JE: Just one point, we have to distinguish very clearly between the unilateral Russian proposal and initiatives that they do as an armed actor on the ground, and this is, according to them, to secure possibilities of evacuation, that has to be distinguished from the UN proposal for 48-hour pauses, two-way corridors, assistance in and voluntary evacuation out. What is a new and positive thing today is that the Russian Federation say they would like to sit down with us, and the other co-chair and discuss how the UN proposal could be implemented and we are hopeful that will lead to something.

SdeM: It is really not for me to assess who did it and whether it actually took place, although there is a lot of evidence that they actually did take place. We have a special UN and other organizations addressing that. But if it did take place, it is a war crime and as such it would require everyone, all the co-chairs and everyone else, to address it immediately. I think the investigation is still taking place and they are people more competent than you and I to be able to access that , but your point is well taken, that is a war crime.

[CORRIGENDUM NOTE: The Special Envoy’s intention in answering this question was to underline that if proven true, allegations of chemical attacks would constitute a war crime. He also meant to convey his sense that there should be an investigation into these allegations by the relevant international organisations.]


Q. [inaudible]

SdeM: Well first of all, perhaps you are more informed than I am about the details of those discussions, what I can say is two things, the first thing is Turkey is an extremely important player, stakeholder, in what has been happening and could be happening in terms of humanitarian assistance, and frankly even in finding a political process in Syria.

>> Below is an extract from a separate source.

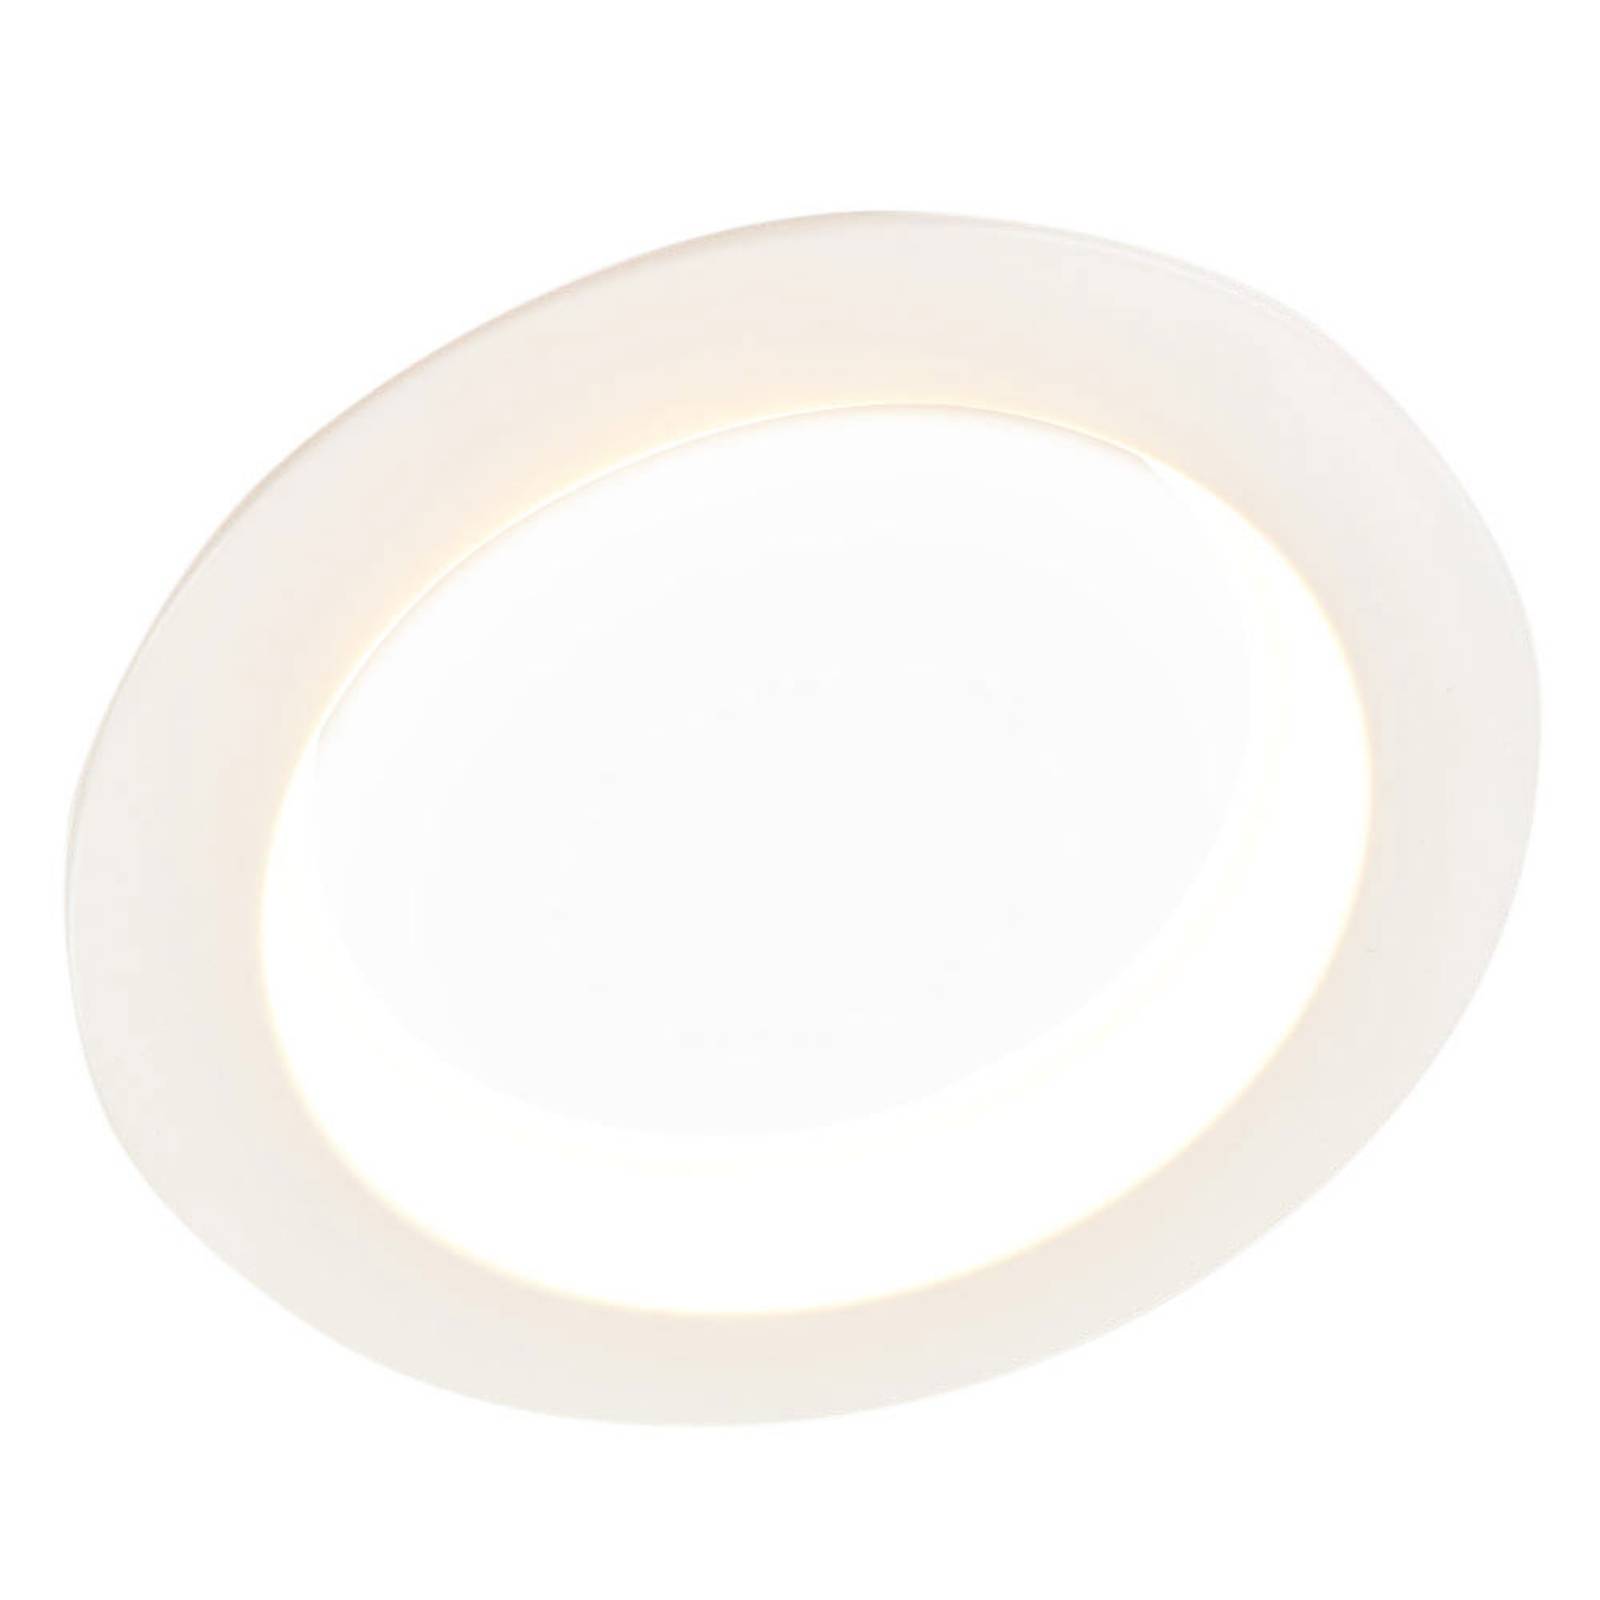 Piet világos LED downlight lámpa, 36 W 3 szín

The very fact of its own border, the very fact of the number of refugees that are Syrian inside turkey just speaks for itself. The very fact that when we talk about a Castelo road access, the Castelo road main access in order to provide major quantities of humanitarian aid starts in Turkey, under a process that we have experienced which is called the UN monitoring mechanism. So I cannot under, or overestimate enough the importance of Turkish involvement in any solution in Syria.

Now we have been always looking forward to all members of the ISSG to have a cooperative attitude among them in order to reach a formula that can be implemented in Syria. So seeing the Turkish President and the Russian President talking about Syria and apparently coming up with some type of coordination or agreement is certainly something that we are looking with great interest at.

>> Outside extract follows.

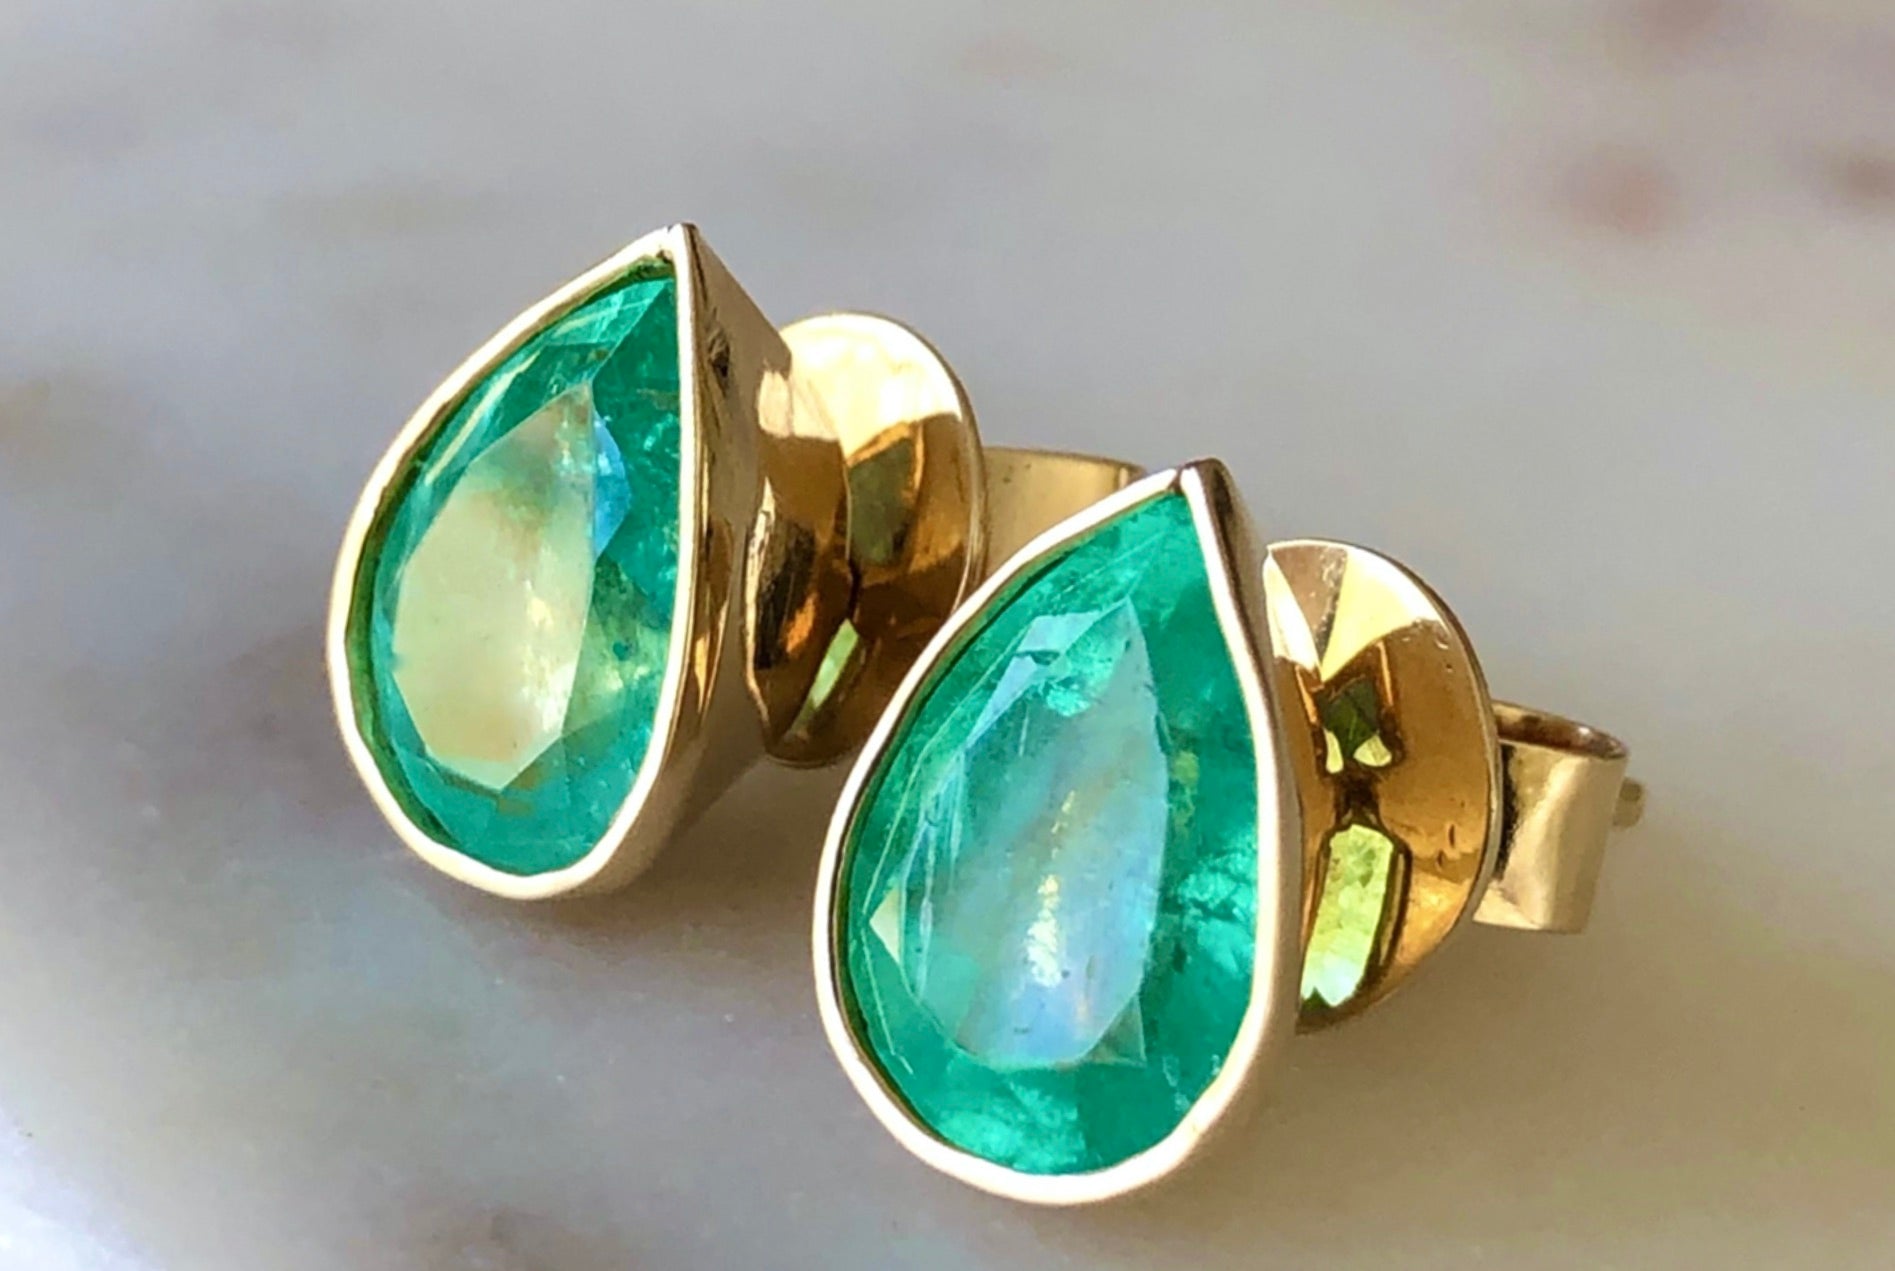 2.40 Carat Natural Colombian Emerald Pear Cut Studs Earrings 18k

Q: Question concernant les pourparlers, dont vous annoncez la reprise à la fin du mois, est-ce que vous décryptez l’accélération de la militarisation et du conflit sur le terrain comme étant une opportunité pour relancer ces pourparlers ? Est-ce que c’est un signe que les belligérants, chacun de leur côté, essayent d’obtenir un maximum de terrain et donc un bon moment pour relancer ces pourparlers ? Et ensuite à combien est-ce que vous évaluez vos chances d’obtenir davantage des Russes, pour élargir la période du cessez-le-feu.

SdeM: Pour la première question, c’est vrai, nous insistons sur la volonté de vouloir procéder avec des pourparlers politiques et on a comme date, sur laquelle nous visons, vers la fin août. Nous savons aussi que n’importe quelle pause militaire, n’importe quelle accélération militaire, ne sera pas soutenable s’il n’y a pas un processus politique. La preuve, c’est qu’on a eu, le 26 février, une remarquable réduction de violence, on a eu une remarquable augmentation de l’aide humanitaire, mais le moment où on n’a pas eu le processus politique qui bougeait à l’avance, ceux qui ne voulaient pas que ça marche ont profité de ça. On a toujours noté, malheureusement, que quand il y a des chances de pourparlers politiques, les différentes parties ont tendance à rechercher une position physique et militaire logistique meilleure. Ça c’est très dommage, parce que, paradoxalement, ça produit une accélération militaire, mais de l’autre côté, ça devient aussi une accélération à l’envers, pour que tous ceux qui font partie du ISSG, trouvent un sens d’urgence pour arrêter cette accélération militaire avec des pourparlers politiques.